*INPUT DATA*:
*** Block opens ***

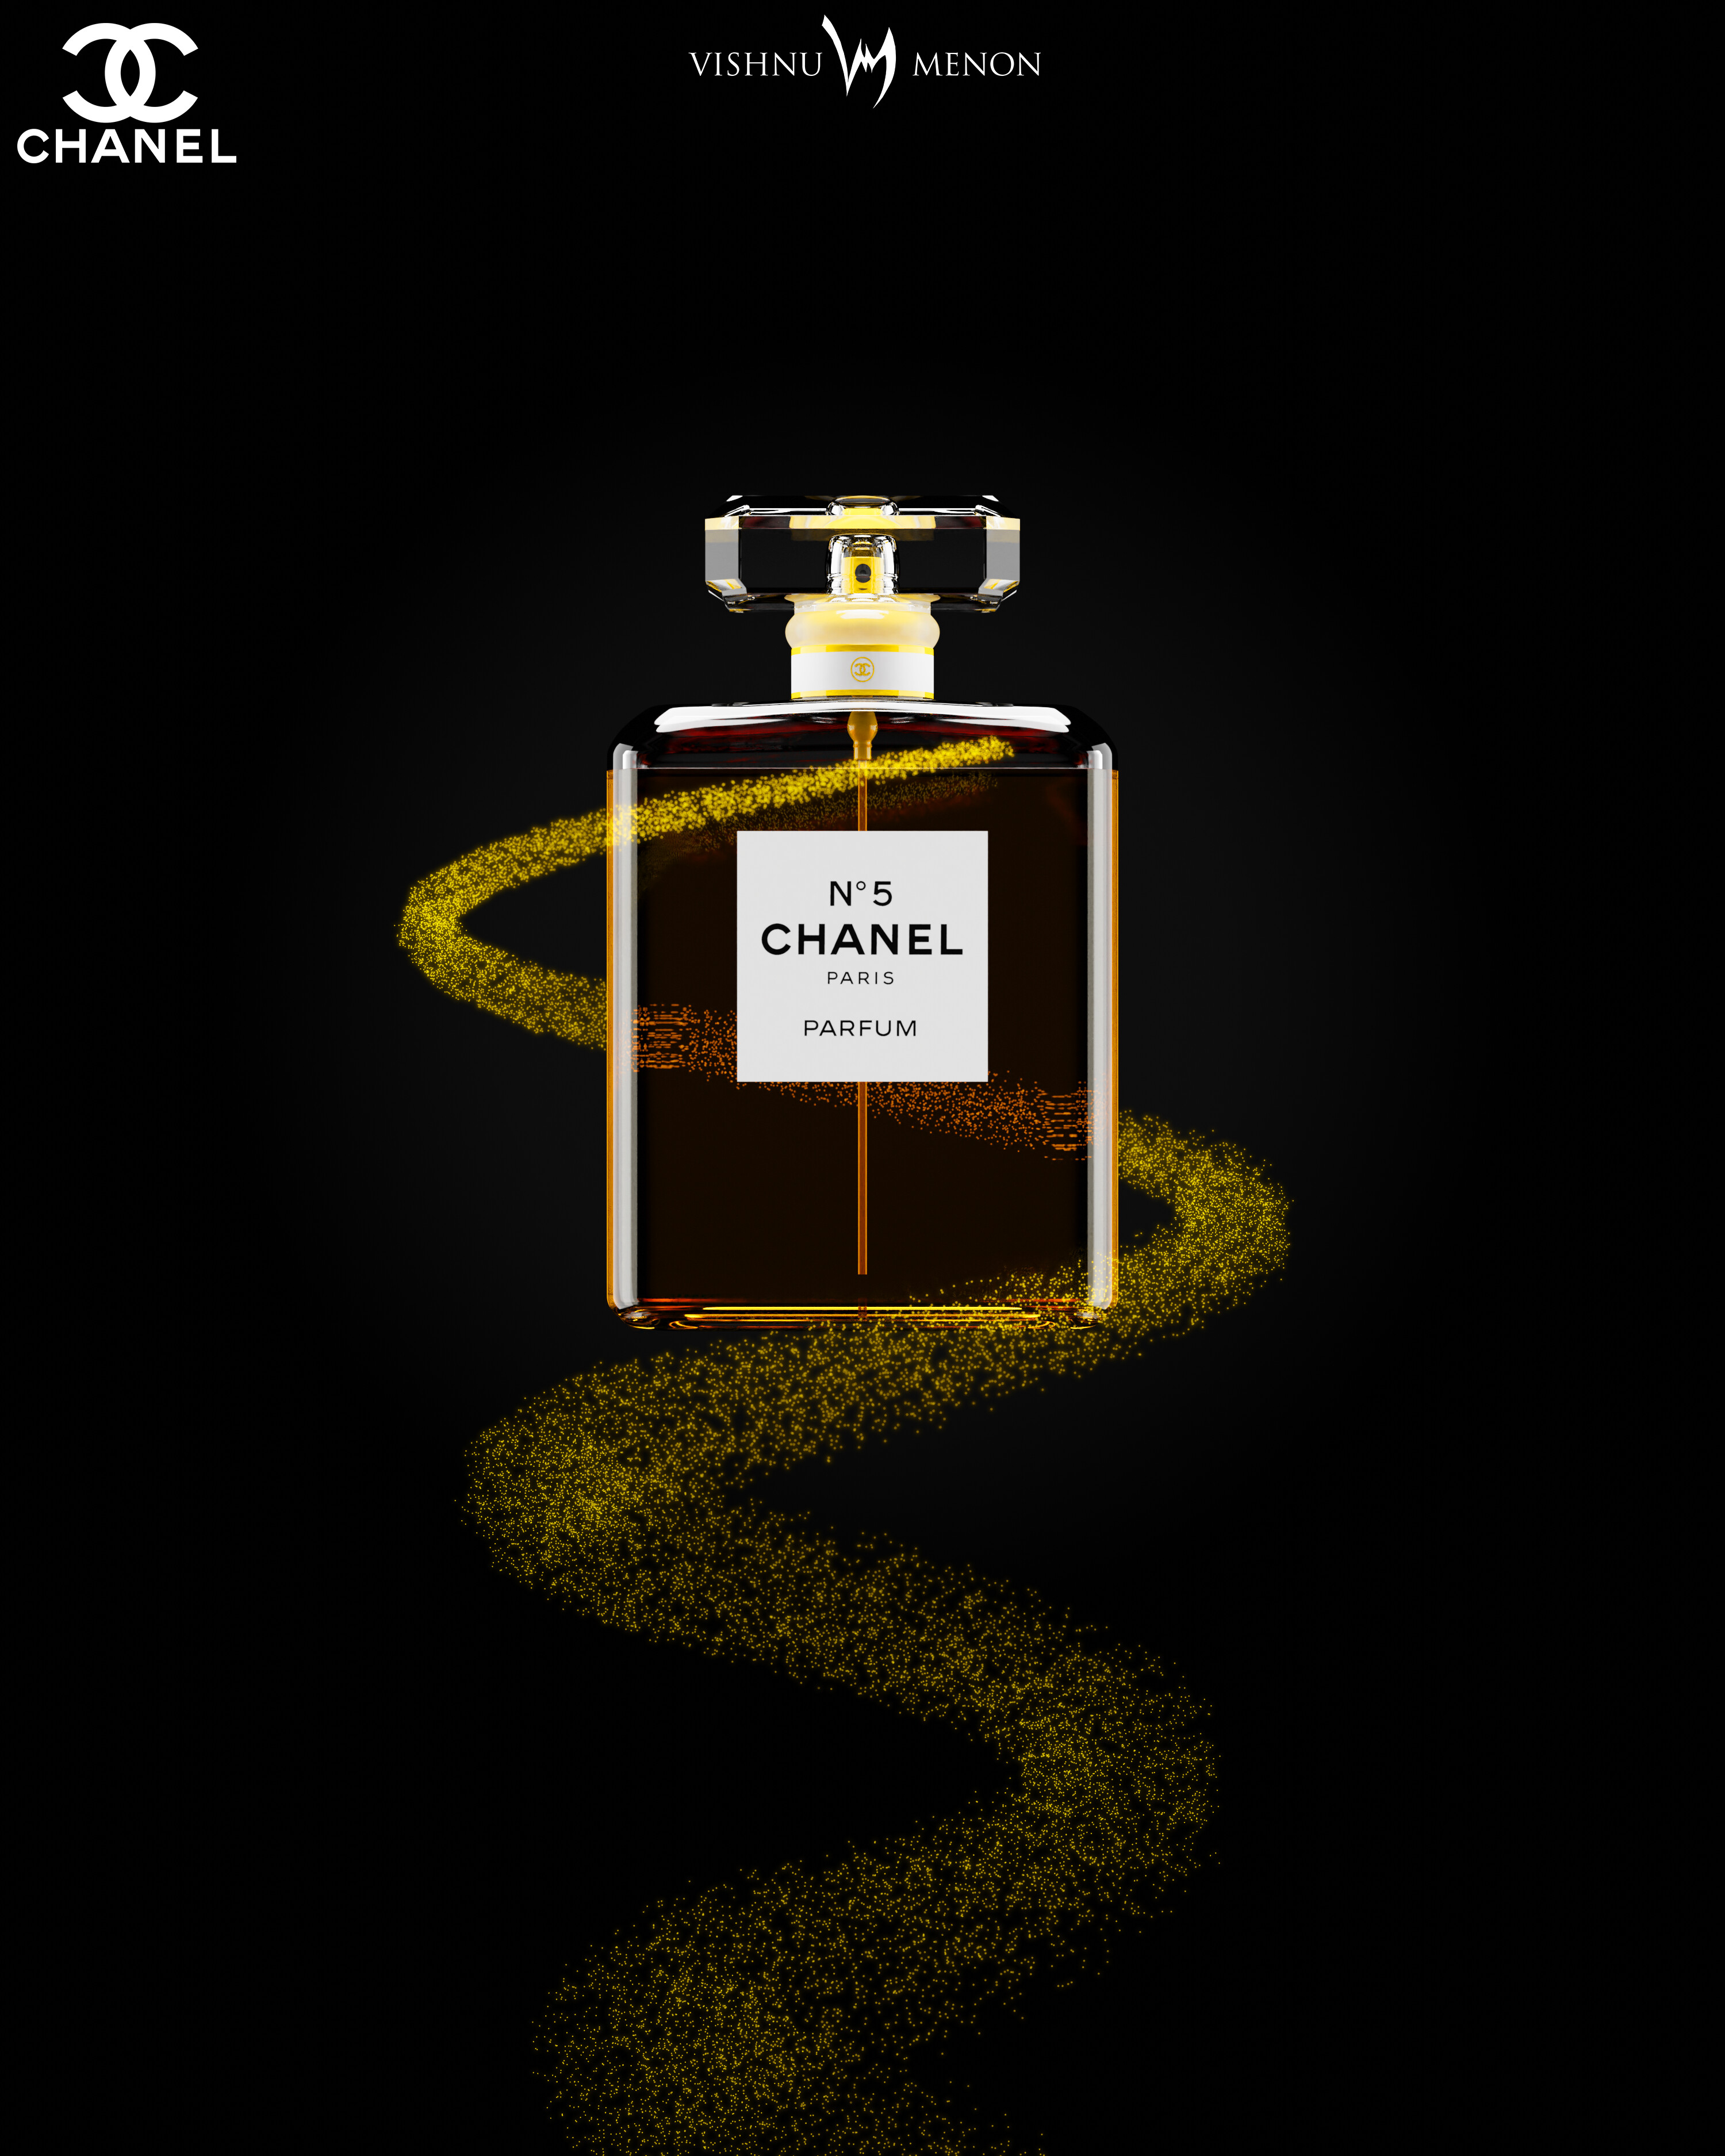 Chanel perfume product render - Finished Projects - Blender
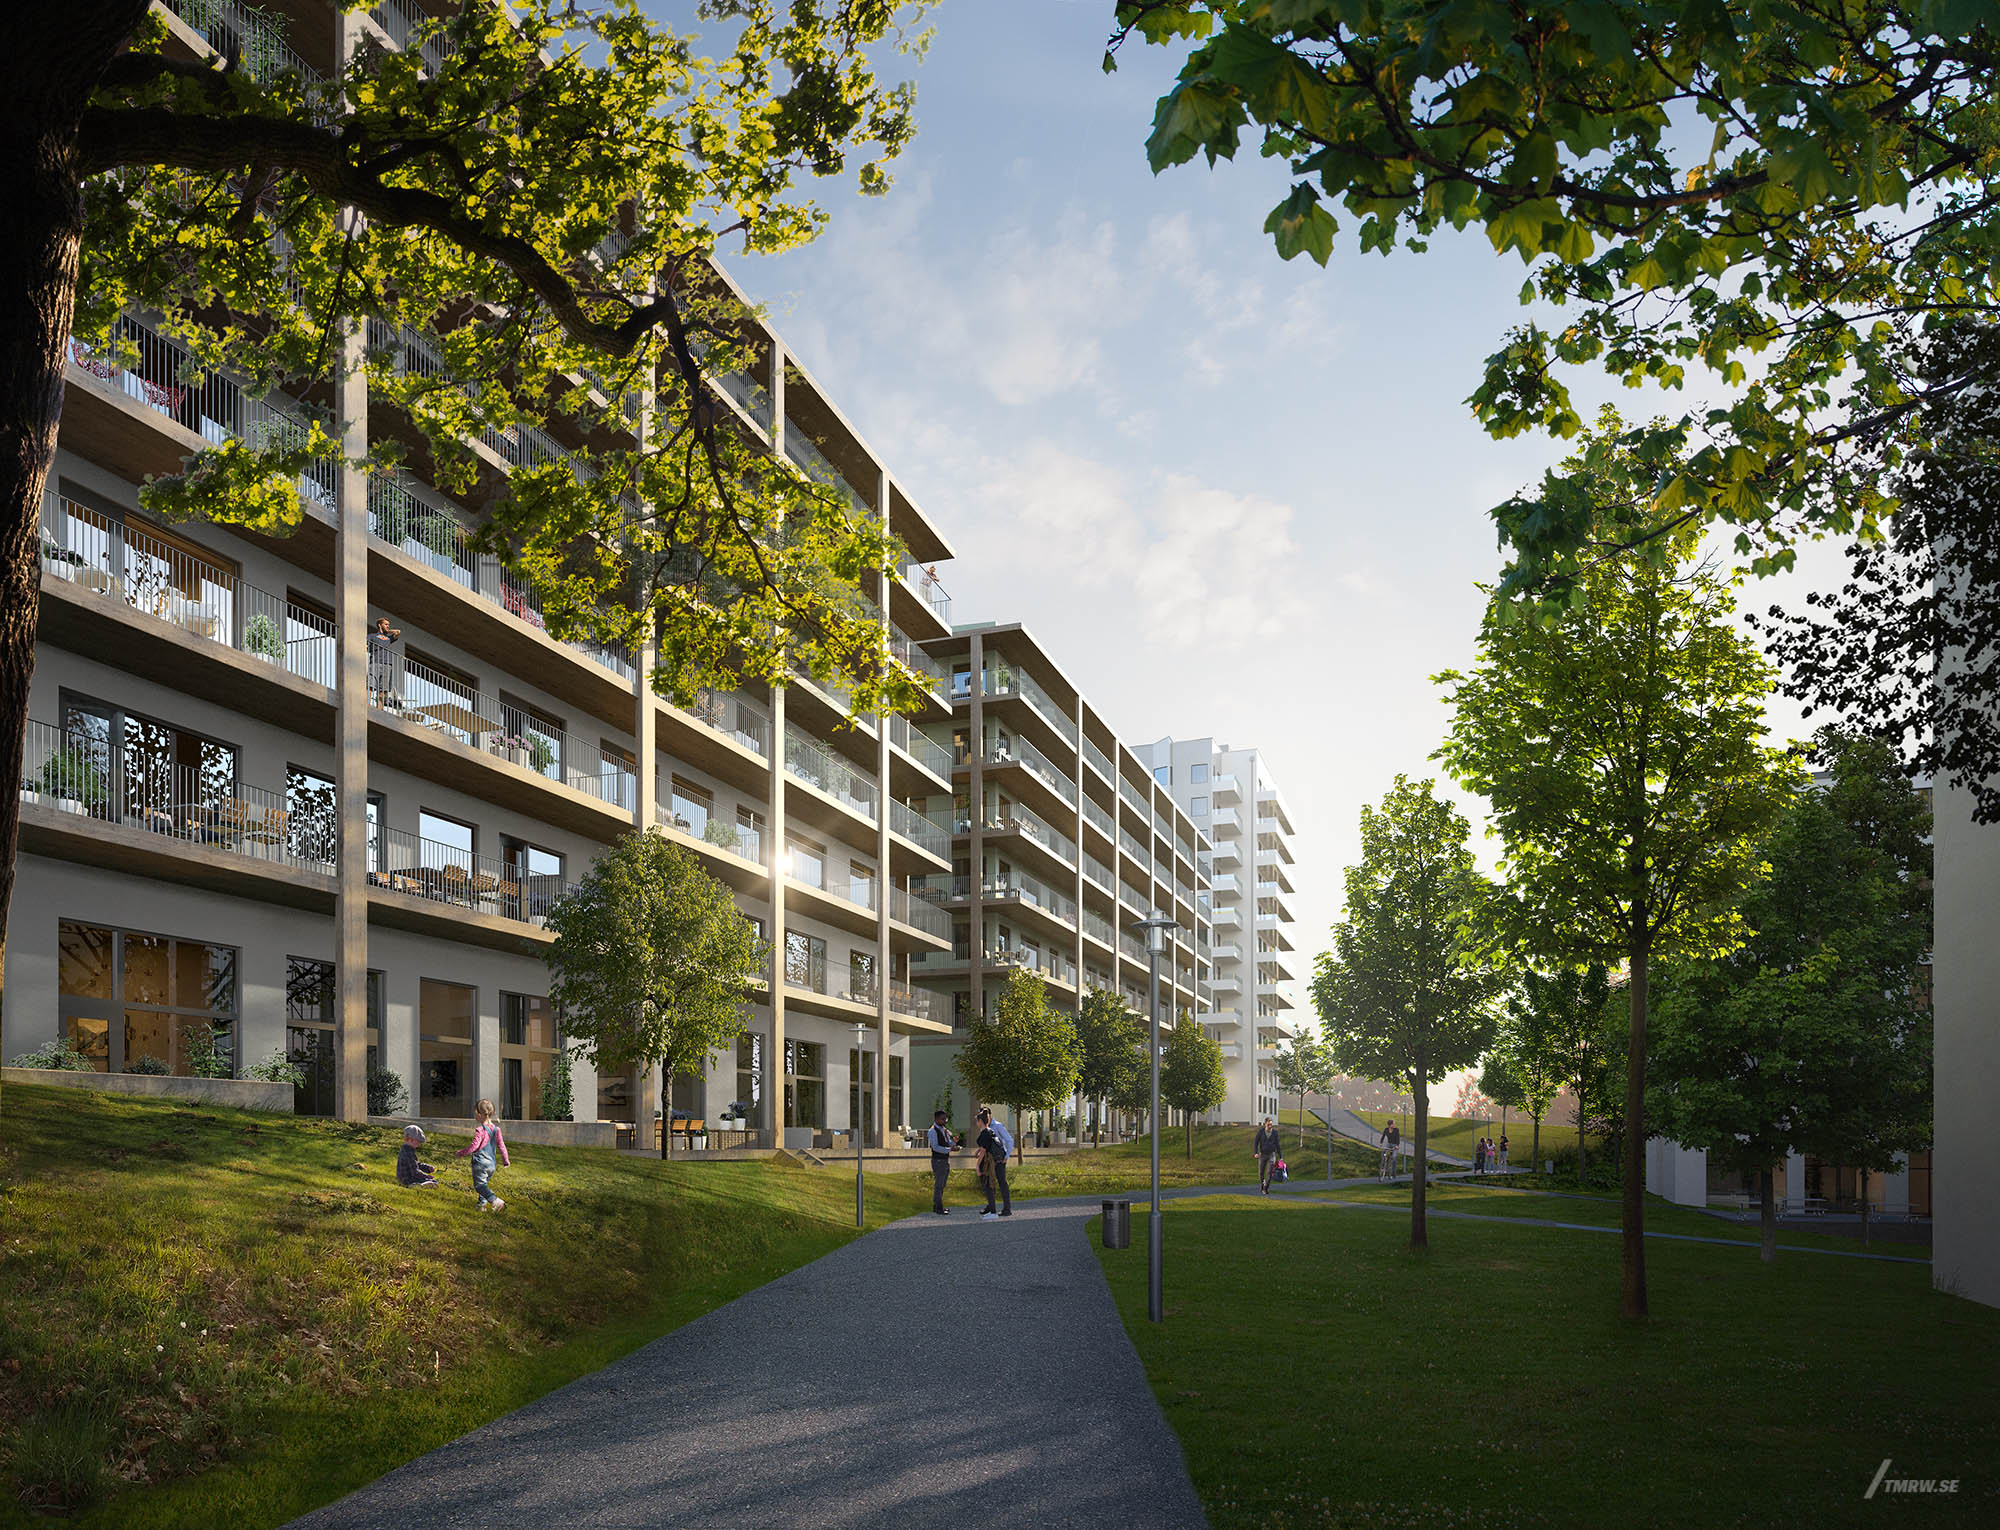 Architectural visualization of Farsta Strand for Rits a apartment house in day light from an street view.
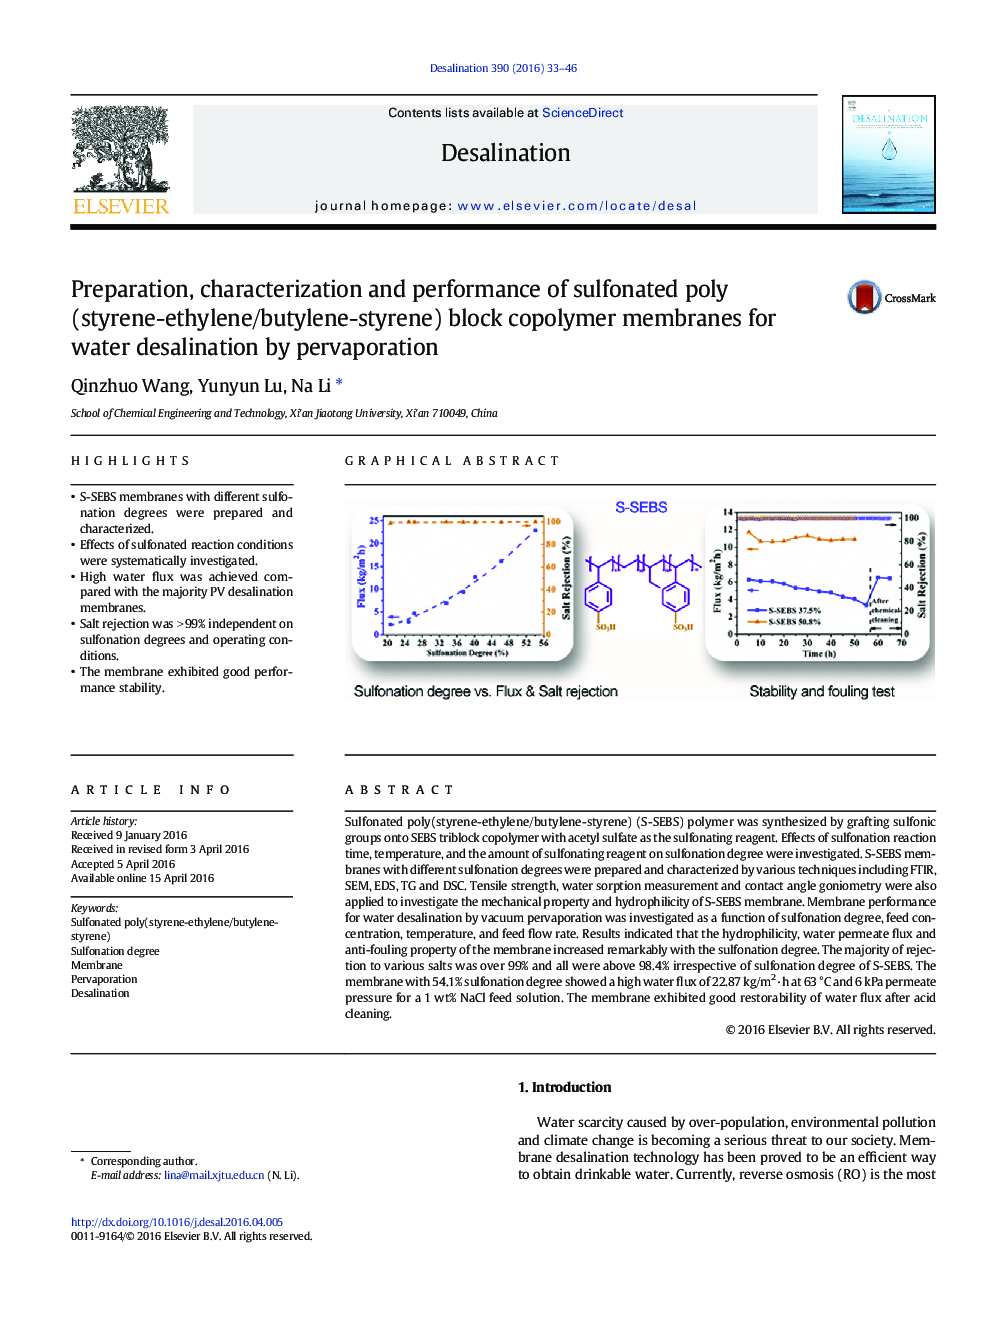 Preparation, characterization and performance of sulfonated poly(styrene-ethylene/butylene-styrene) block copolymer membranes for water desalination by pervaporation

*** Block closes ***

*WHAT TO DO*:
Lines from the start of the material through the line containing "Architectural visualization of" are to be restated word for word; no picture may be included.

*REPLY TO THE EXERCISE*:
 Chanel perfume product render - Finished Projects - Blender
 Architectural visualization of Farsta Strand for Rits a apartment house in day light from an street view.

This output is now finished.